The effects of basicity and Al₂O₃ content on the microstructure of high-alumina slag were observed, and the proportions of the solid phase in high-alumina slag were determined by Image J software and shown in Figure 16. As the basicity increased from 0.8 to 1.1, the size of solid particles became larger, and the proportion of solid phase in slag increased from 13.86% to 25.41%. This result agrees with the theoretical calculations in Figure 13 and also explains the increase in viscosity with increasing basicity. With higher Al₂O₃ content, a large number of fine solid phases emerged, and the percentage of crystals phase continues to increase, resulting in a more significant effect on viscosity.

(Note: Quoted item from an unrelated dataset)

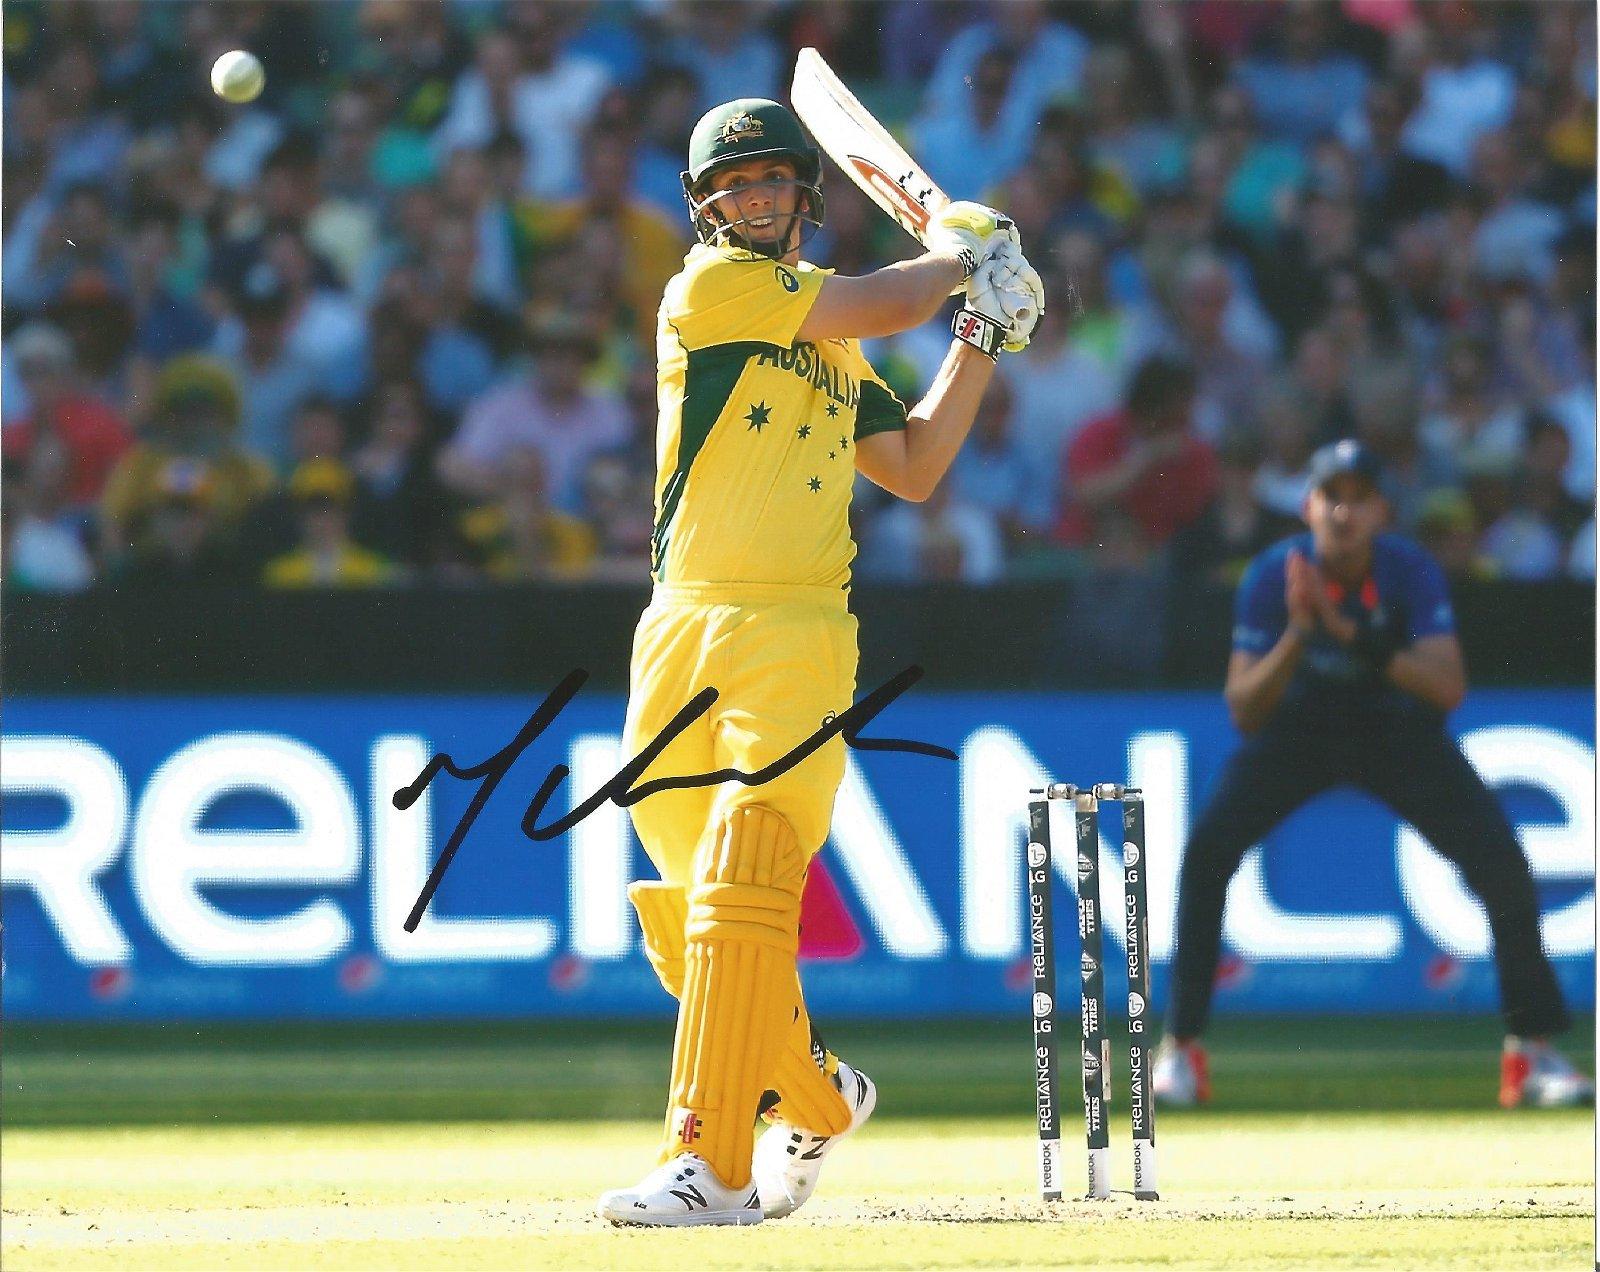 Mitchell Marsh Signed Australia Cricket 8x10 Photo .

Briefly, the increases in basicity and Al₂O₃ content caused an ascendance in the melting temperature and viscosity of slags, which are detrimental to reducing energy consumption and metal–slag separation. In addition, The Al₂O₃ content has a strong influence on the structure of slag. As the Al₂O₃ content increased, the number of aluminum oxide tetrahedra [AlO₄]^5- which formed by the absorption of O^2- by the Al₂O₃ increased, causing the formation of complex compounds with high crystallinity and high melting points, such as spinel. As the Al₂O₃ content increased further, Åkermanite and other mineral phase components that have a greater impact on the slag emerge, making the internal structure more complex and thus forming many non-uniform phases that can easily crystallize out of the solids present in the slag melt, causing the viscosity of the slag to become greater and the fluidity of the slag to become worse.

4. Conclusions

The effects of basicity and Al₂O₃ content on the melting behavior, viscosity, structural property, and crystallization behavior of super-high-alumina (27.61–40 wt%) slag were investigated. At a fixed MgO content of 11.13 wt% and Al₂O₃ content of 27.61 wt%, the melting temperature, viscosity, and crystals phase (spinel and Åkermanite) increased when the basicity increased from 0.8 to 1.1. The viscosity of slag increased by approximately 0.14 Pa·s for every additional CaO/SiO₂ ratio of 0.1 at 1500 °C. The proportion of crystal phase in slag increased from 13.86% to 25.41%. At a fixed MgO content of 11.13 wt% and basicity of 0.9 or 1.1, the melting temperature, viscosity, and crystal phase (spinel and Åkermanite) increased with the increasing Al₂O₃ content from 27.61–40 wt%. The Al₂O₃ content has a strong influence on the slag, When the Al₂O₃ content of slag is fixed at 40 wt%, the measured slag viscosity is high and exceeds 5 Pa·s at 1522 °C, and the proportion of solid phase in slag increased to more than 35%.